Perhaps (as many of the local LFS ruitinely have them in stock) I will eventually move my single _C. dimerus_ into the 200 and go purchase 4-5 more.

***EDIT***

If I decide to get rid of the Oscar I'll probably up that number to 6-7 more.


----------



## dwarfpike (Jan 22, 2008)

Beautiful placement and driftwood, even the color of the water is nice. Perfect rio ***** tank. My dwarf pikes would love it! :thumb:


----------



## wmayes (Oct 22, 2007)

I LOVE tannins. Just not in the amounts that these three pieces are giving out.


----------



## wmayes (Oct 22, 2007)

I'm also planning on adding three plants. One in between each of the pieces and one of the very left in the back to hide the edge of the driftwood that I had to cut. Not yet sure on fake or real though.


----------



## D-007 (Jan 3, 2008)

Have you got carbon working in there also? It would help you reduce the tannins along with your water changes.

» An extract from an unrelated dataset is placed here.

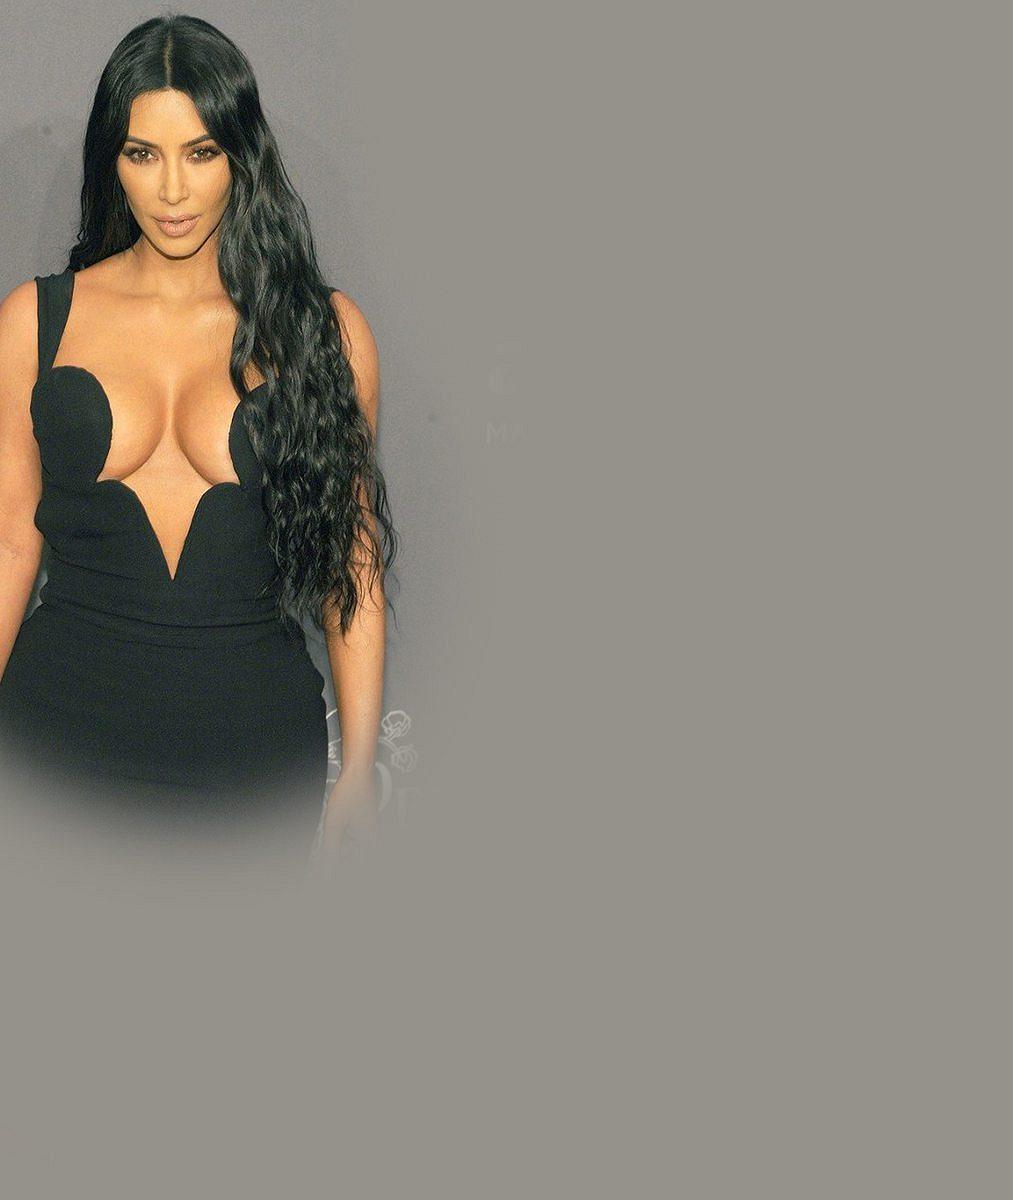 Kardashianky vystavily své ženské zbraně: Kim ale stěmi svými trochu zápolila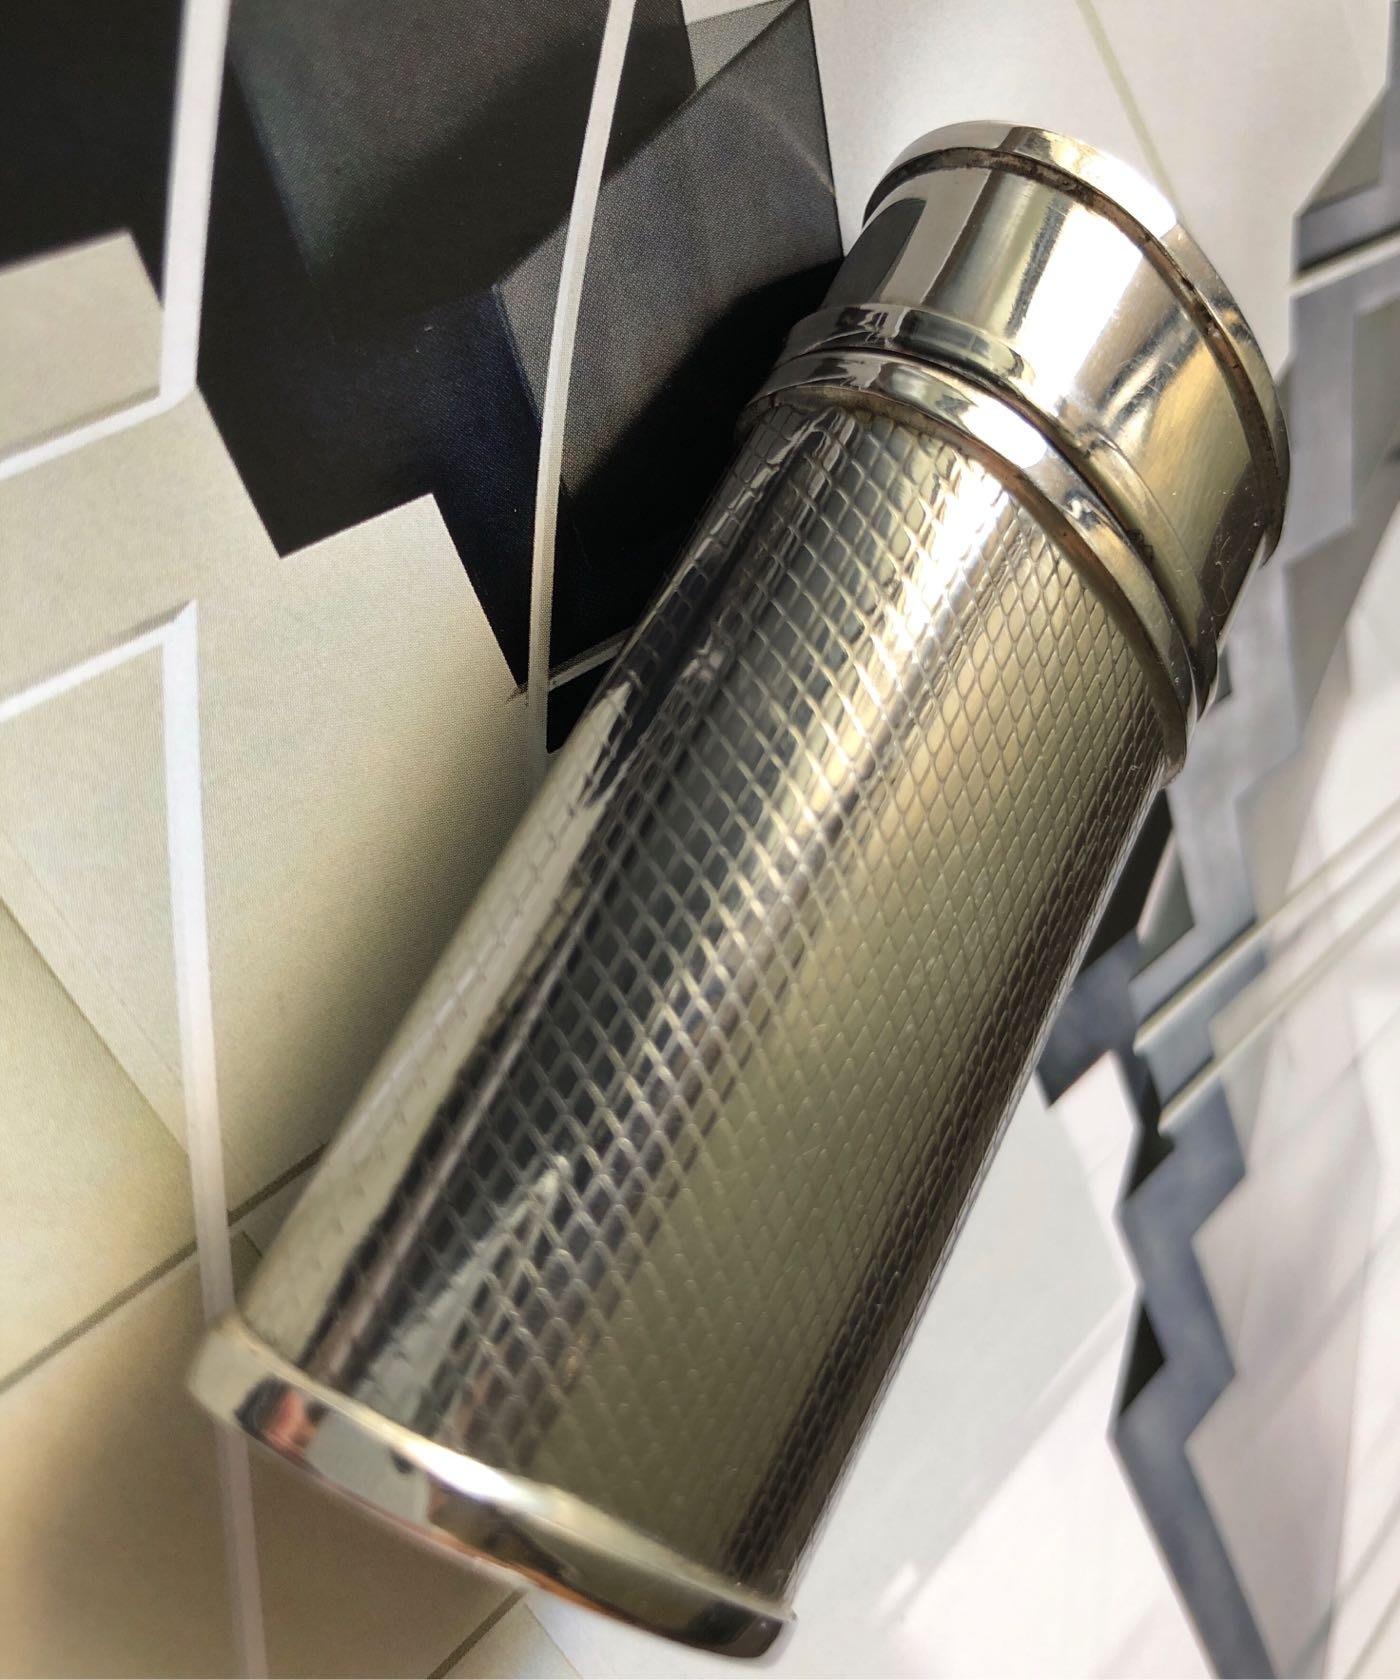 法國巴黎購回的全新金屬製作,隨身藥盒/煙灰缸,7cm/3.5cm

Love those pieces and the placement.

Regards,
D


----------



## marge618 (Mar 12, 2006)

wmayes said:


> I'm also planning on adding three plants. One in between each of the pieces and one of the very left in the back to hide the edge of the driftwood that I had to cut. Not yet sure on fake or real though.


The tank looks good just as it is. I think it will look even better with the added plants.
Please take more pictures along the way so we can follow it's development.

Later,
Marge


----------